Windhoek - The Bank of Namibia's decision to increase the repo rate by 50 basis points, from 7.25% to 7.75%, with immediate effect, has left many Namibian consumers struggling to survive. The repo rate is the lending rate offered by a central bank to commercial banks for their short-term funding requirements, and commercial banks pass on the interest rate levied by the central bank to their consumers through interest charges on loans. The increase will impact Namibian consumers who rely on debt to survive, making it more expensive for individuals and businesses to borrow money, which can lead to a decrease in demand for credit.
The governor of the Bank of Namibia, Johannes !Gawaxab, stated that the increase was necessary to safeguard the one-to-one link between the Namibian Dollar and the South African Rand, contain inflationary pressures, stem their associated second-round effects, and anchor inflation expectations. He also urged consumers to change their spending behaviors due to the unfavorable interest rate environment.
However, this move will severely impact Namibian consumers who rely on debt to survive. The household sector in Namibia accounts for the majority of private sector credit extended by the banking sector over the past five years, and households’ debt servicing costs almost doubled from 2020 to 2022, according to the financial stability report for 2022 released by the Bank of Namibia and the Namibia Financial Institutions Supervisory Authority.
For analyst Ronald Joma from Equity Axis who is currently in Namibia, the bank has set debtors up for a fall. "Consumers would do well to drive a stake through notions of incurring obligations in this climate. This rise piles pressure onto households stretched taut by double-digit debt service costs,” he said. Joma argues fiscal fixes best remedy supply-side shocks in tethered economies, supporting sectors slammed by factors like a 12% rand rout versus the dollar.

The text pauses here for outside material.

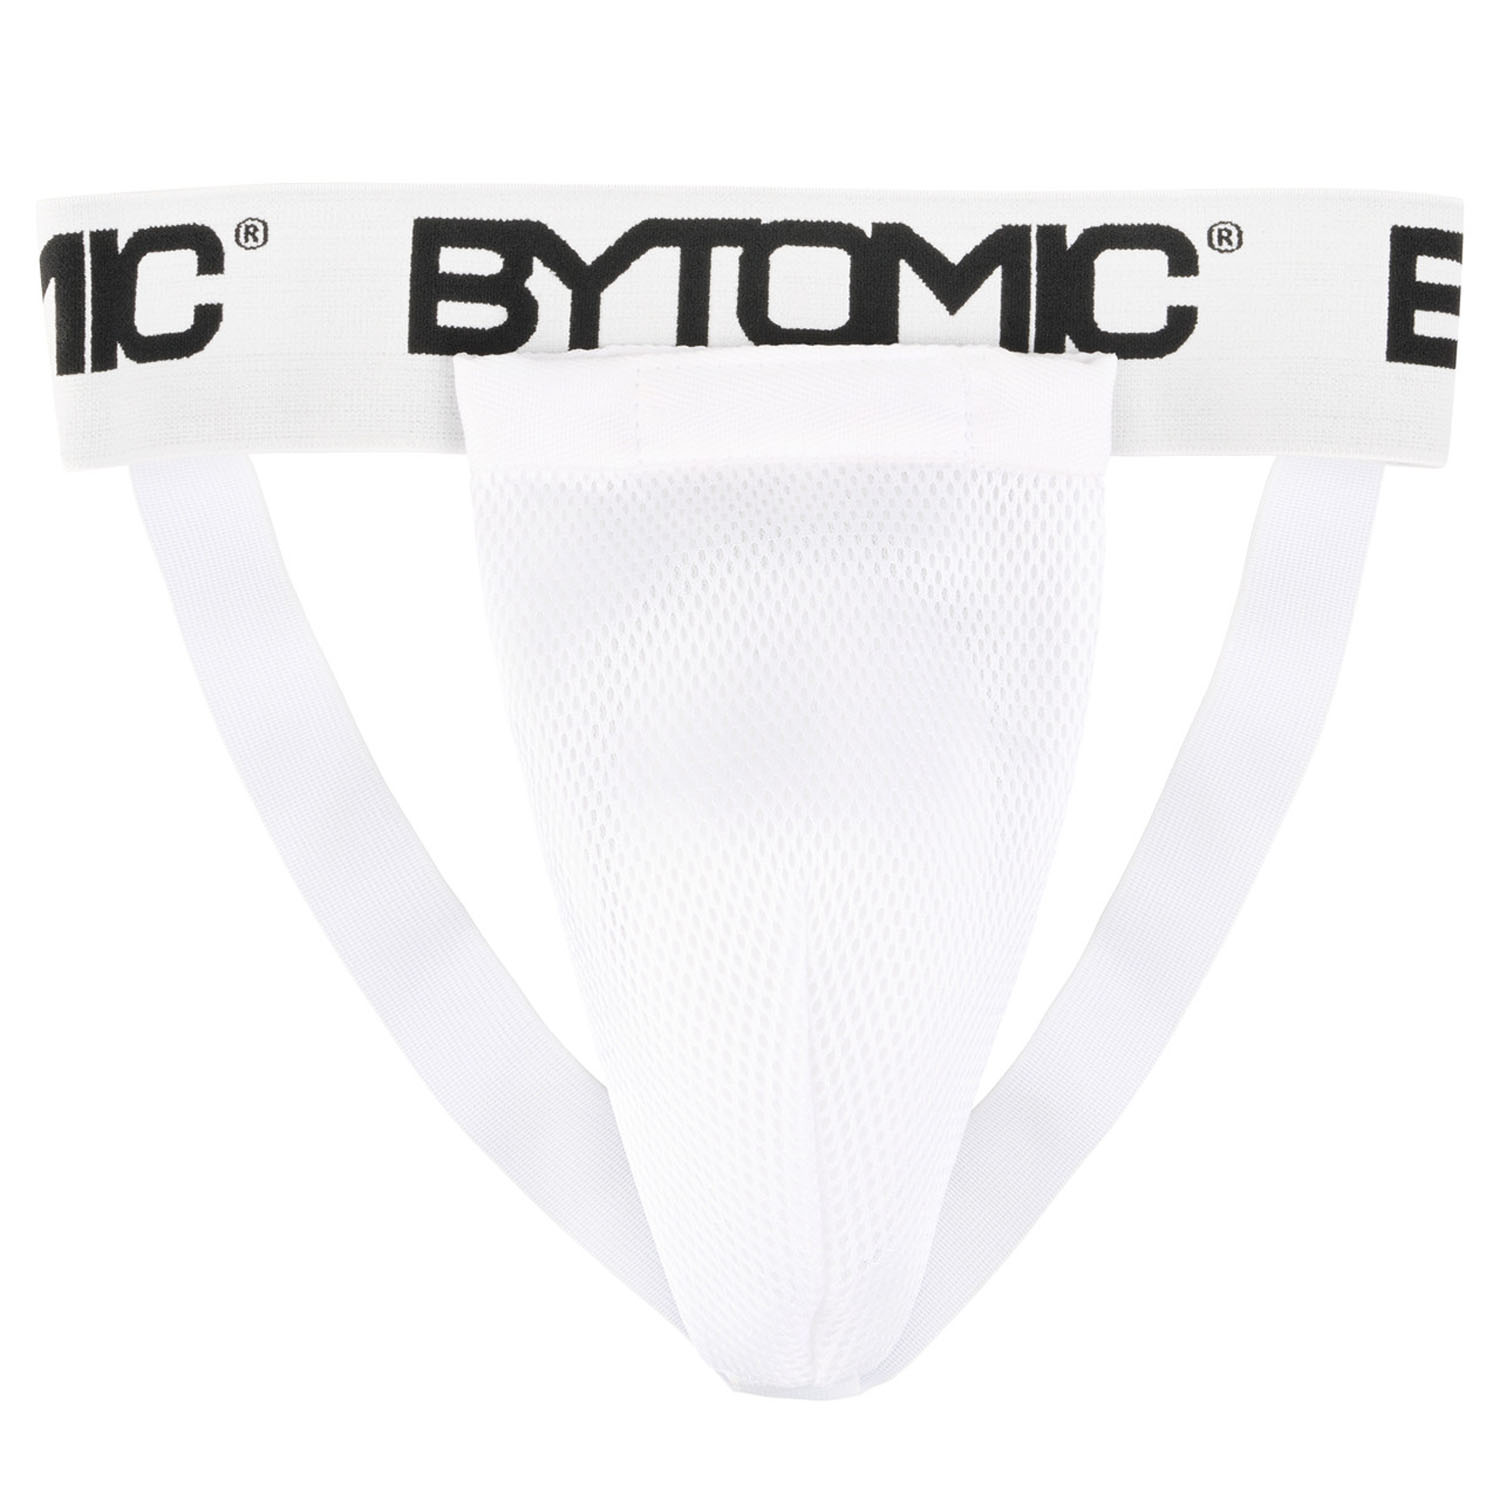 Bytomic Tiefschutz, Performer, weiß-schwarz

That External vulnerabilities have the economy in their thrall is incontrovertible. Greylisting, blackouts and Kremlin coziness have swooned the rand, transmitting turmoil to Namibia.
Yet the governor gainsays those crying "check the supply side". We have a mandate to protect the peg, !Gawaxab contends. Differing even slightly from South Africa would foment arbitrage. So banks burden borrowers and fetter growth to safeguard the link.
Joma terms this “skewed logic that shall slow activity by denting demand.” But protectionism reigns as policymakers insist they wield but one tool, rates, to achieve stability. They pledge, though, to explore “solutions” to keep roofs over heads, claiming banks share in shouldering the load. Little solace for those set to lose their homes, spotlighting the human toll of technocratic parlance like “financial stability”.
The increase in interest rates could also have a dampening effect on economic growth, as consumption and investment may slow down due to reduced borrowing and spending. The Economic Association of Namibia (EAN) also warned that higher interest rates can affect the affordability of new loans, making it more expensive for individuals and businesses to borrow money.
Despite the concerns raised by economists and consumers, the Bank of Namibia remains firm on its decision to raise the interest rates to safeguard the currency peg and contain inflationary pressures. The governor also expressed empathy for people losing their houses due to the increase in debt servicing costs and noted that the banks have been trying to do everything they can to keep owners in their houses rather than foreclosing on them.This third hike in six months signals determination to break the back of price pressures. The increase, coming atop April and January moves, means a cumulative 100 basis points added to costs this year.
In conclusion, the Bank of Namibia's decision to raise interest rates may have been necessary to safeguard the currency peg and contain inflationary pressures, but it comes at a significant cost to Namibian consumers who rely on debt to survive. The increase in debt servicing costs may lead to more repossessions and hardship for already struggling households. It remains to be seen how the Namibian economy will adjust to the higher interest rates, and whether the move will have the desired effect of containing inflationary pressures.